Instructions for the task: The entries need to be copied exactly.
☆ ☆ ☆ ☆ ☆ ☆ ☆
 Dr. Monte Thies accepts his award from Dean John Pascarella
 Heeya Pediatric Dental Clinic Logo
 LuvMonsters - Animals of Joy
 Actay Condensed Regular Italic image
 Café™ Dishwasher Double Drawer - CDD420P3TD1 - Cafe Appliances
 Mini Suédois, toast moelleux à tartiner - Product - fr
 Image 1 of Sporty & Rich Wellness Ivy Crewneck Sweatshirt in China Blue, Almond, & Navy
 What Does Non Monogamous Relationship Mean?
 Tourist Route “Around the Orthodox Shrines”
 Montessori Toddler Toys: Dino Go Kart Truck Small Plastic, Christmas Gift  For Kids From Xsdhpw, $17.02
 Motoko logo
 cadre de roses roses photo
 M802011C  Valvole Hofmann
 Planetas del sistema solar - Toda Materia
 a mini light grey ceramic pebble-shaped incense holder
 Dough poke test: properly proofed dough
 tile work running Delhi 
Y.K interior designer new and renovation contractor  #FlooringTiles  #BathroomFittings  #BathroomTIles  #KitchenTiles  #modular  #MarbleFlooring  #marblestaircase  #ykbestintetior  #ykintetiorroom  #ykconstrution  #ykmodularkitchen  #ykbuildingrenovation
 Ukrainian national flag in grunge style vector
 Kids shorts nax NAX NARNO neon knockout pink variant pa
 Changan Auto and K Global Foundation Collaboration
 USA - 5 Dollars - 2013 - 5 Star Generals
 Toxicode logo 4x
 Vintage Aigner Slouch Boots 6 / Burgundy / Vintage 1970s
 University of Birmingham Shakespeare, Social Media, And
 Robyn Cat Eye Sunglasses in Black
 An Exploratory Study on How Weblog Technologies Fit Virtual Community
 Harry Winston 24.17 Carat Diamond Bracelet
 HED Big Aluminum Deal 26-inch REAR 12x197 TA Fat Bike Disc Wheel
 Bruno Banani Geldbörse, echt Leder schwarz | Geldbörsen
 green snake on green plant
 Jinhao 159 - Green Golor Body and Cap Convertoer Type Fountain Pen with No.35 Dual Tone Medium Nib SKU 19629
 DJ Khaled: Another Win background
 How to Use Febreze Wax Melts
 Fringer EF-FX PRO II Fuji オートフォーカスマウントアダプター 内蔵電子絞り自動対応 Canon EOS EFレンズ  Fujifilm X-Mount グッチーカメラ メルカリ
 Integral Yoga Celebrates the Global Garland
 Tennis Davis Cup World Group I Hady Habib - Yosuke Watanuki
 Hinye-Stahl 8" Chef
☆ ☆ ☆ ☆ ☆ ☆ ☆
Your response:
 Dr. Monte Thies accepts his award from Dean John Pascarella
 Heeya Pediatric Dental Clinic Logo
 LuvMonsters - Animals of Joy
 Actay Condensed Regular Italic image
 Café™ Dishwasher Double Drawer - CDD420P3TD1 - Cafe Appliances
 Mini Suédois, toast moelleux à tartiner - Product - fr
 Image 1 of Sporty & Rich Wellness Ivy Crewneck Sweatshirt in China Blue, Almond, & Navy
 What Does Non Monogamous Relationship Mean?
 Tourist Route “Around the Orthodox Shrines”
 Montessori Toddler Toys: Dino Go Kart Truck Small Plastic, Christmas Gift  For Kids From Xsdhpw, $17.02
 Motoko logo
 cadre de roses roses photo
 M802011C  Valvole Hofmann
 Planetas del sistema solar - Toda Materia
 a mini light grey ceramic pebble-shaped incense holder
 Dough poke test: properly proofed dough
 tile work running Delhi 
Y.K interior designer new and renovation contractor  #FlooringTiles  #BathroomFittings  #BathroomTIles  #KitchenTiles  #modular  #MarbleFlooring  #marblestaircase  #ykbestintetior  #ykintetiorroom  #ykconstrution  #ykmodularkitchen  #ykbuildingrenovation
 Ukrainian national flag in grunge style vector
 Kids shorts nax NAX NARNO neon knockout pink variant pa
 Changan Auto and K Global Foundation Collaboration
 USA - 5 Dollars - 2013 - 5 Star Generals
 Toxicode logo 4x
 Vintage Aigner Slouch Boots 6 / Burgundy / Vintage 1970s
 University of Birmingham Shakespeare, Social Media, And
 Robyn Cat Eye Sunglasses in Black
 An Exploratory Study on How Weblog Technologies Fit Virtual Community
 Harry Winston 24.17 Carat Diamond Bracelet
 HED Big Aluminum Deal 26-inch REAR 12x197 TA Fat Bike Disc Wheel
 Bruno Banani Geldbörse, echt Leder schwarz | Geldbörsen
 green snake on green plant
 Jinhao 159 - Green Golor Body and Cap Convertoer Type Fountain Pen with No.35 Dual Tone Medium Nib SKU 19629
 DJ Khaled: Another Win background
 How to Use Febreze Wax Melts
 Fringer EF-FX PRO II Fuji オートフォーカスマウントアダプター 内蔵電子絞り自動対応 Canon EOS EFレンズ  Fujifilm X-Mount グッチーカメラ メルカリ
 Integral Yoga Celebrates the Global Garland
 Tennis Davis Cup World Group I Hady Habib - Yosuke Watanuki
 Hinye-Stahl 8" Chef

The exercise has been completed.